Section 9.   Public Statements.  BCA members shall never make statements on behalf of BCA without the explicit approval by the Board of Directors.

 

 

Article IV

membership directory

 

section 1. Membership Directory. BCA Membership Directory is updated annually. Supporting Members are responsible for notifying BCA officer of changes in contact information.

 

section 2. Distribution.

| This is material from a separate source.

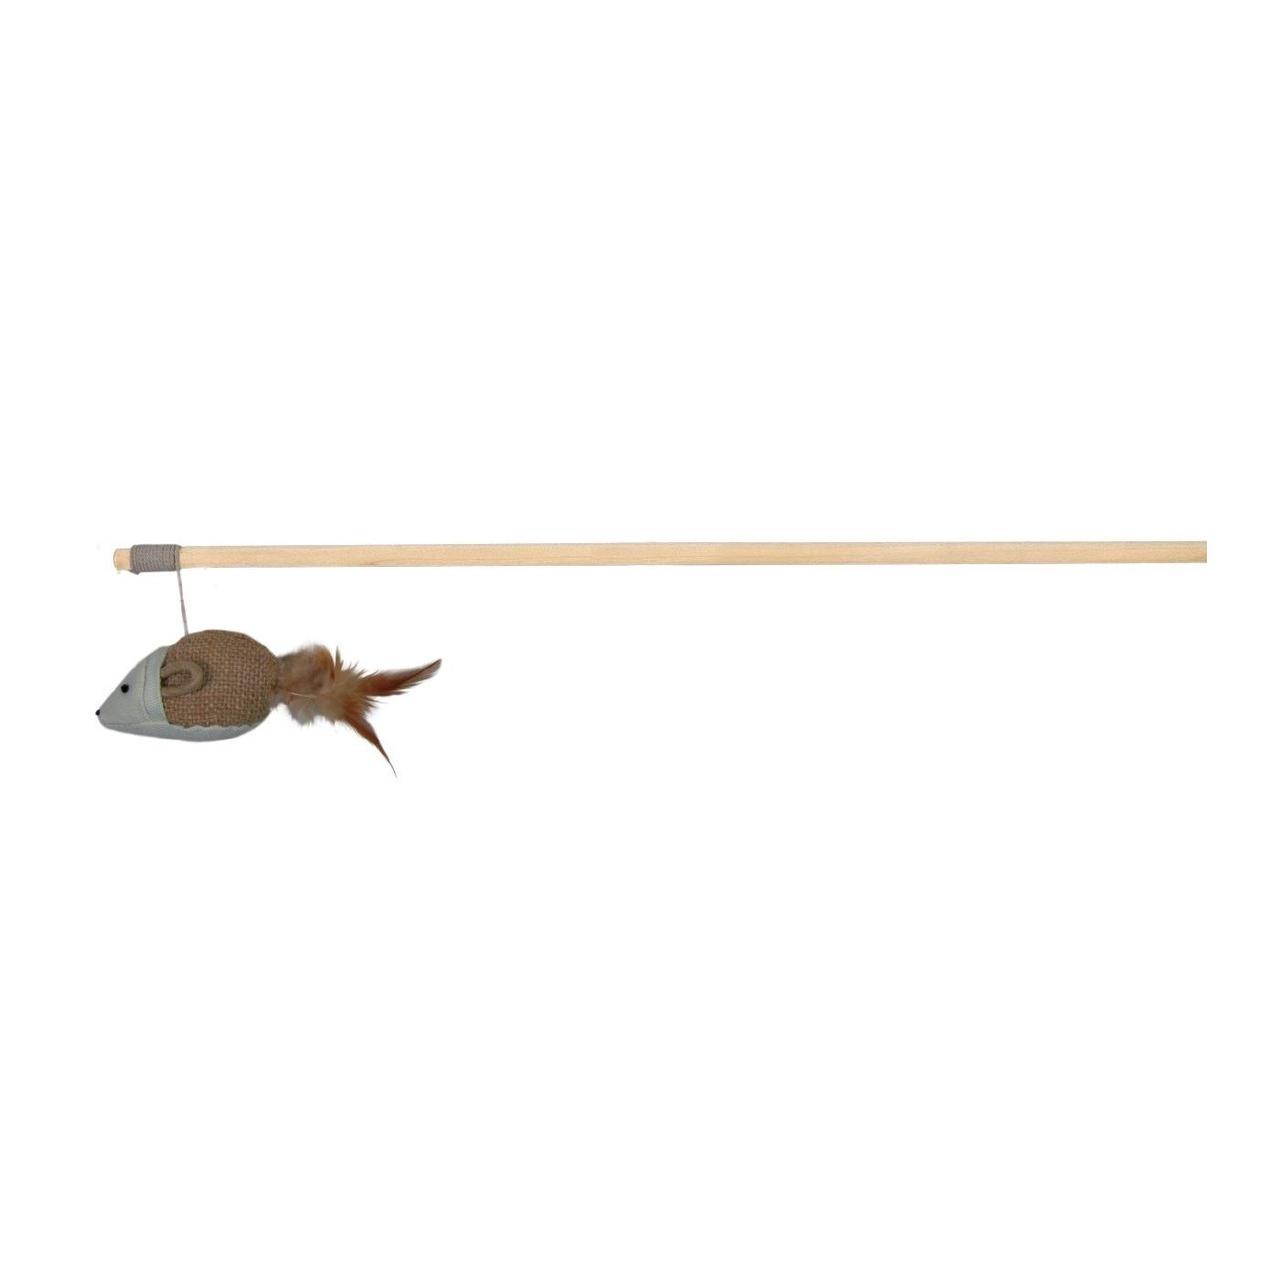 Іграшка для котів Trixie Вудка з мишкою і пір'ям 50 см

The Directory shall be disseminated to Supporting Members by regular mail or e-mail.  Regular members may also receive copies by email or by other method as determined by the Board of Directors.  A current mailing list of Supporting Members shall be maintained to ensure that all voting members can be reached by regular mail or e-mail.

 

 

Article V

MEETINGS

 

section 1.   General Meetings.

 

a.  Place of General Meetings.  General meeting open to all members (both Regular and Supporting) shall be held at a location selected by the Board of Directors.

 

b.  Time of General Meetings.  General meetings may be called at any time by the President, the Board of Directors, or Supporting Members having no less than one tenth (1/10) of the votes entitled to be cast at such meeting.

 

d.  Notice of General Meetings.  Written or printed notice stating the place, day and hour of the meeting, and, in the case of a special meeting, the purpose or purposes for which the meeting is called and the person or persons calling the meeting, shall be delivered, by or at the direction of the President, the Board of Directors, or person or persons calling the general meeting, either personally, by e-mail, or by postal service mail to all Supporting Members. 

 

Notice shall be delivered not less than ten (10) days and no more than sixty (60) days before the date of the meeting and shall be deemed to be delivered when distributed to the Supporting Member via e-mail or regular mail, whichever is available.

 

e.  Quorum.  One quarter of the Supporting Members entitled to vote shall constitute a quorum for the transaction of business.  When a quorum is once present to organize a meeting, it is not broken by the subsequent withdrawal of any of those present.

 

f.  Vote of Supporting Members.  Any BCA action, other than the election of Directors, shall be validated by a majority voting from Supporting Members present at a meeting.  No proxy voting shall be allowed for any purpose.

 

Section 2.   Meeting of the Board of Directors.

 

a.  Board Meetings.  Board meetings shall be called by the President or any four Directors, with location and time determined by the person(s) calling for such meeting.

 

b.  Notice of Meetings.  The notice of a Board meeting shall be sent to each Director by any usual means of communication, not less than five (5) days before the meeting. 

 

c.  Quorum and Vote of Directors.  A majority of the Directors then in office shall constitute a quorum for the transaction of business within the powers of the Board; a vote by the majority of Directors present at the meeting at which a quorum is present shall be deemed the consensus act of the Board of Directors.

 

 

ARTICLE VI

BYLAW AMENDMENT PROCEDURE

 

Section 1.  Proposal of Amendment.  Amendments to these bylaws may be proposed by the Board of Directors on its own initiative or upon the request by 20 or more active Supporting Members of BCA.

 

Section 2.  Publication.  Proposed amendment shall be sent to each Supporting Member at least 30 days prior to the meeting at which they are to be voted upon or the due date when an e-mail ballot is to be counted.  Whenever feasible, Regular Members and BCA Board of Advisors can also be invited to comment on proposed amendments.

 

Section 3.  Approval.  Amendment to the bylaws shall require approval by two-thirds of the voting Supporting Members present and voting at a meeting of Supporting Members at which a quorum is present, or by a majority of all Supporting Members in an e-mail ballot.

 

 

ARTICLE VII

ACTION BY CONSENT

 

 

Any action required to be, or any other action which may be, taken at a meeting of Supporting Members may be taken without a meeting if a consent in writing setting forth the action to be taken shall be signed by a majority of the Supporting Membership.  An e-mail reply to a proposal by a Supporting Member shall constitute written consent.